Di che cifre si parla? “Un piede medio costa almeno 3mila euro. Il mio, tra l’altro, è un caso tra i più ‘fortunati’ perché sono stata amputata sotto il ginocchio. Per chi ha un’amputazione sopra esistono i ginocchi elettronici, che funzionano molto bene. Ecco un ginocchio elettronico costa dai 35mila euro in su e la Asl non li passa. La cifra coperta si aggira intorno ai 3mila euro, a cui è quasi sempre necessario aggiungere componenti personalmente”.
Quindi con queste protesi è già difficile avere una vita ‘normale’, figuriamoci pensare di fare altro… “Almeno il piede devi comprartelo, con quello che ti danno – di legno letteralmente – ti fai solo male. Poi se vuoi fare sport devi procurarti una protesi sportiva. Ora io ammiro gli atleti paralimpici, tra l’altro il piede mi è stato regalato da una di loro, ma bisogna considerare che la protesi di Ambra (Sabatini, ndr) costa 60mila euro, la protesi di Martina (Caironi, ndr) forse 70. Quindi tutto molto bello ma non per tutti, loro sono sponsorizzate”.
Giustamente una persona come lei non può né vuole fermarsi. “Io vorrei lavorare, voglio farlo, ma in Italia c’è una burocrazia assurda. Devi fare moduli su moduli, pratiche, la patente che scade più spesso, pagare marche da bollo più costose, certificare anche che respiri praticamente – dice ironica –. E lavorare facendo tutto questo diventa veramente difficile, perché sei a visita ogni anno, veramente è complicatissimo. Se ne parla poco ma è un aspetto importante. È giusto certificare tutto ma c’è una burocrazia pazzesca. Io oltre ad aver perso una gamba ho una lesione al midollo spinale e ogni anno devi andare all’Inps, ricevi lettere in continuazione che ti dicono che hai il sussidio, poi te lo tolgono… Una situazione grottesca. Non solo la mia, quella di tutti”.

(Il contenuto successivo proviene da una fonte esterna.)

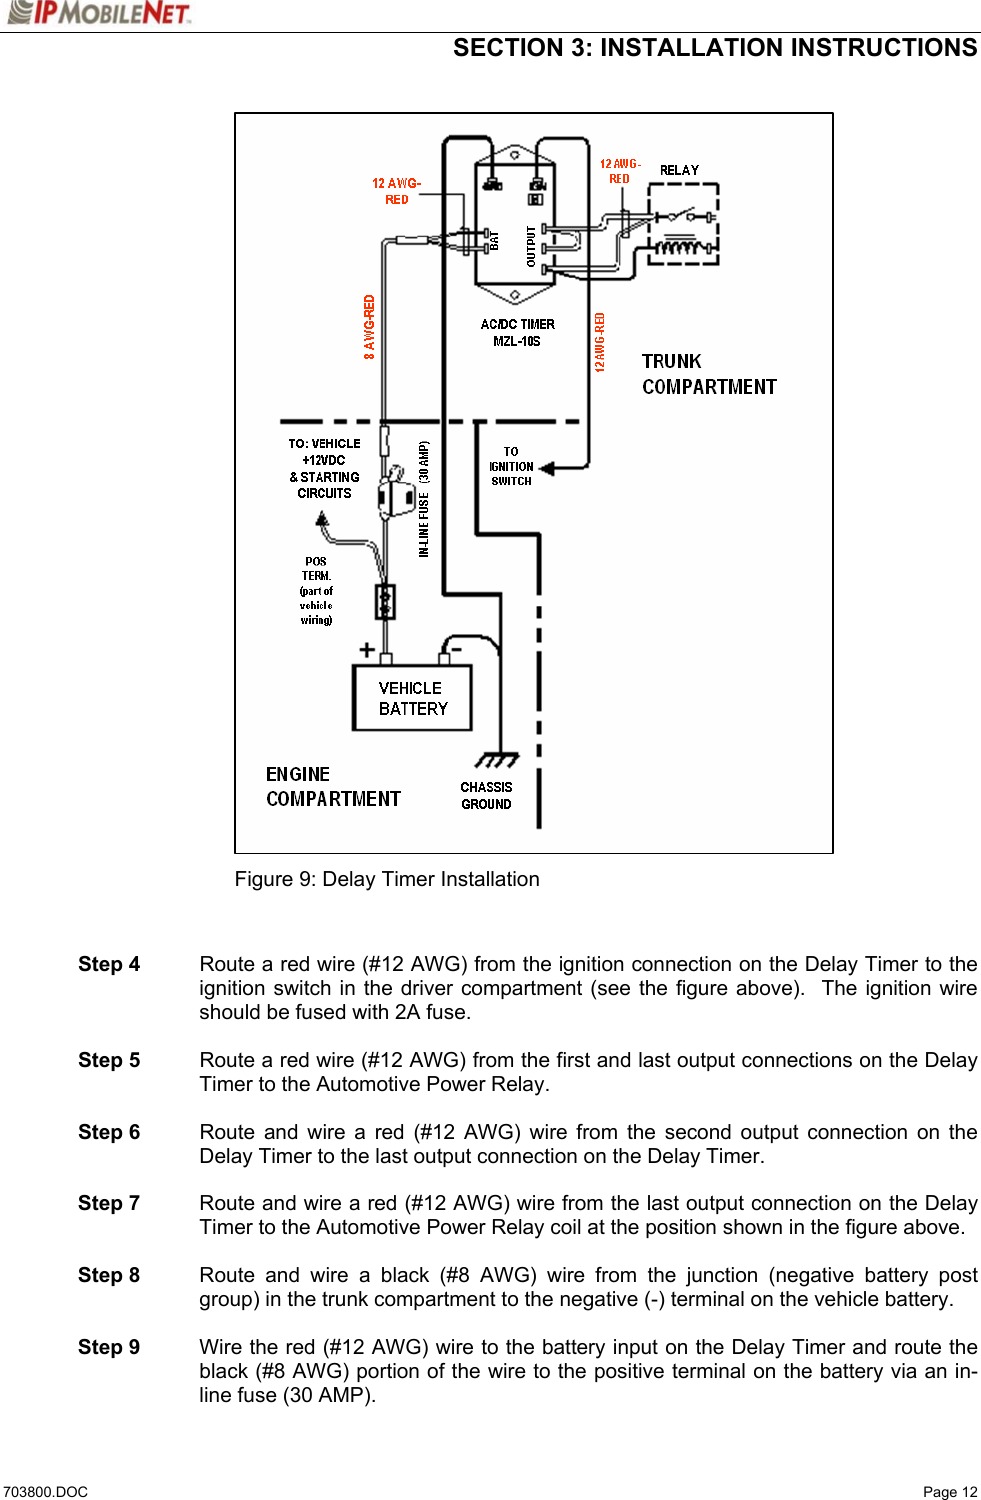  SECTION 3: INSTALLATION INSTRUCTIONS  703800.DOC   Page 12                               Figure 9: Delay Timer Installation    Step 4  Route a red wire (#12 AWG) from the ignition connection on the Delay Timer to the ignition switch in the driver compartment (see the figure above).  The ignition wire should be fused with 2A fuse.   Step 5  Route a red wire (#12 AWG) from the first and last output connections on the Delay Timer to the Automotive Power Relay.   Step 6  Route and wire a red (#12 AWG) wire from the second output connection on the Delay Timer to the last output connection on the Delay Timer.    Step 7  Route and wire a red (#12 AWG) wire from the last output connection on the Delay Timer to the Automotive Power Relay coil at the position shown in the figure above.   Step 8  Route and wire a black (#8 AWG) wire from the junction (negative battery post group) in the trunk compartment to the negative (-) terminal on the vehicle battery.   Step 9  Wire the red (#12 AWG) wire to the battery input on the Delay Timer and route the black (#8 AWG) portion of the wire to the positive terminal on the battery via an in-line fuse (30 AMP). 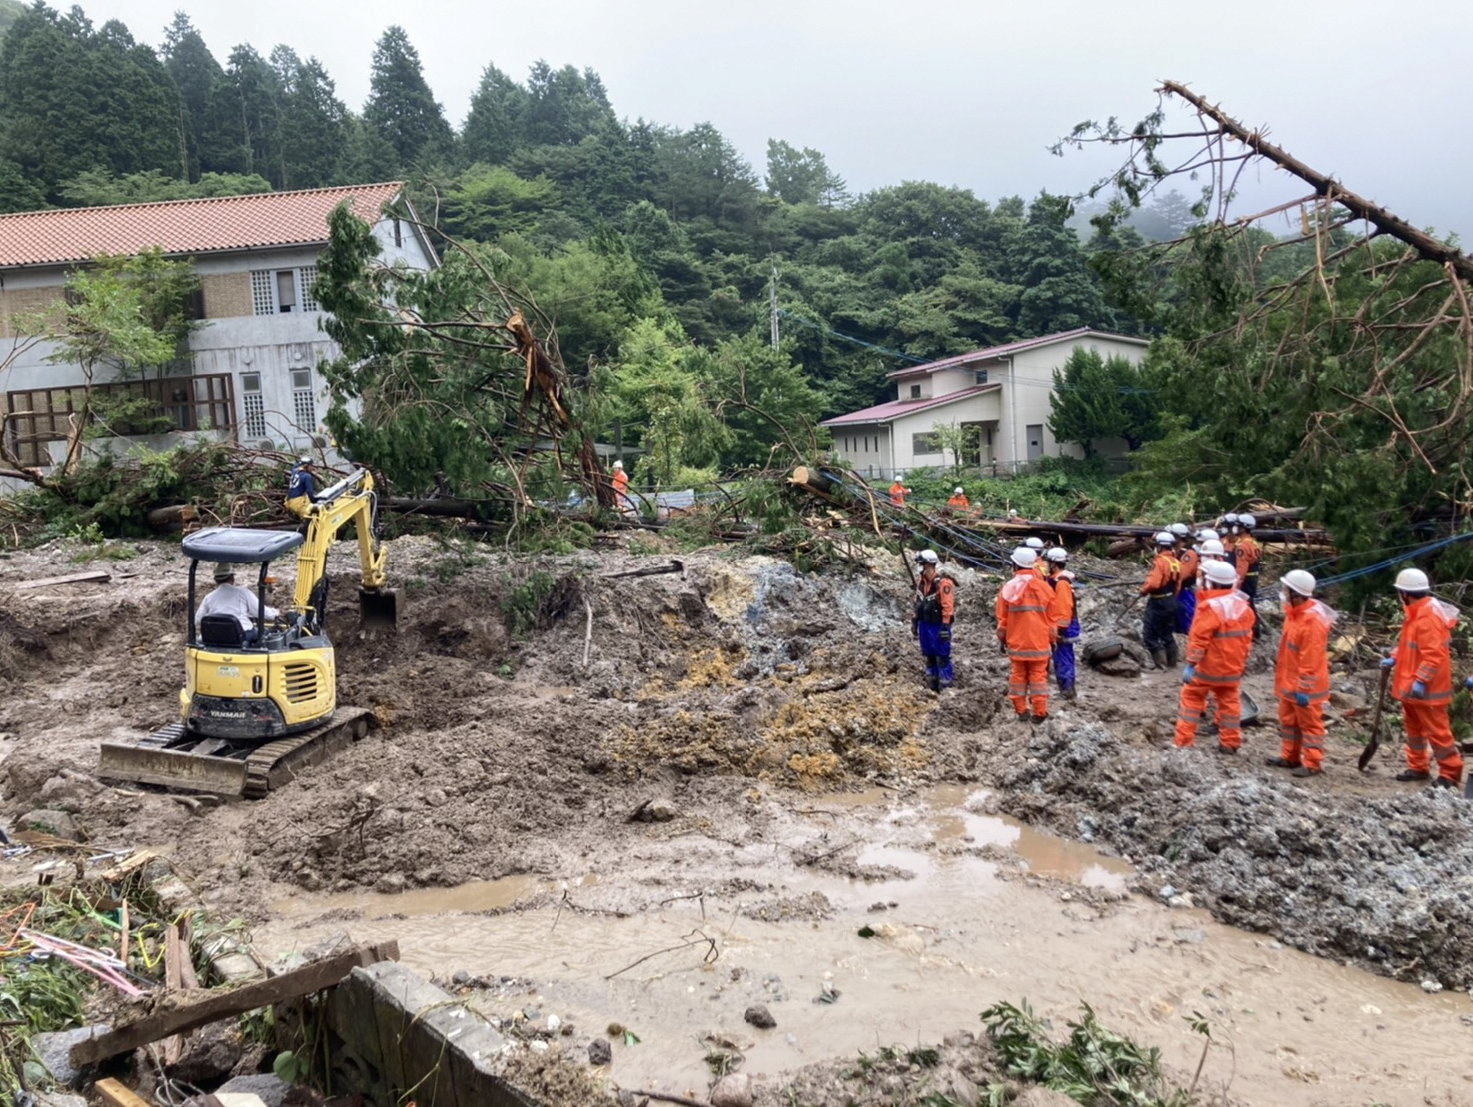 Rescue workers search for missing people at a landslide site caused by heavy rainfall in Unzen

Come ha vissuto questo primo anno della sua 'nuova' vita? “Ho avuto delle difficoltà, mi hanno amputata ad agosto, ho fatto la primissima protesizzazione a inizio ottobre ma è andata male e sono stata ferma per un periodo, senza protesi. Nel frattempo ho fatto la visita all’Inps che mi ha tolto ogni tipo di sussidio. Quindi dovevo rientrare al lavoro, che mi scadeva il certificato per ‘terapie salvavita’, perciò ho chiesto la tutela per ‘lavoratori fragili’ ma non ho avuto nemmeno risposta dall’Istituto per cui lavoro. Mi hanno mandato dal medico competente, che in prima istanza ha scritto che dovevo fare smartworking, anche perché non ero ancora protesizzata. Però il giorno dopo mi hanno dichiarato idonea e sono dovuta andare al lavoro con il moncone infiammato e una protesi non adatta. Visto che continuava a darmi problemi alla fine sono andata al lavoro con le stampelle, senza gamba, perché non avevo più giorni di malattia disponibili”.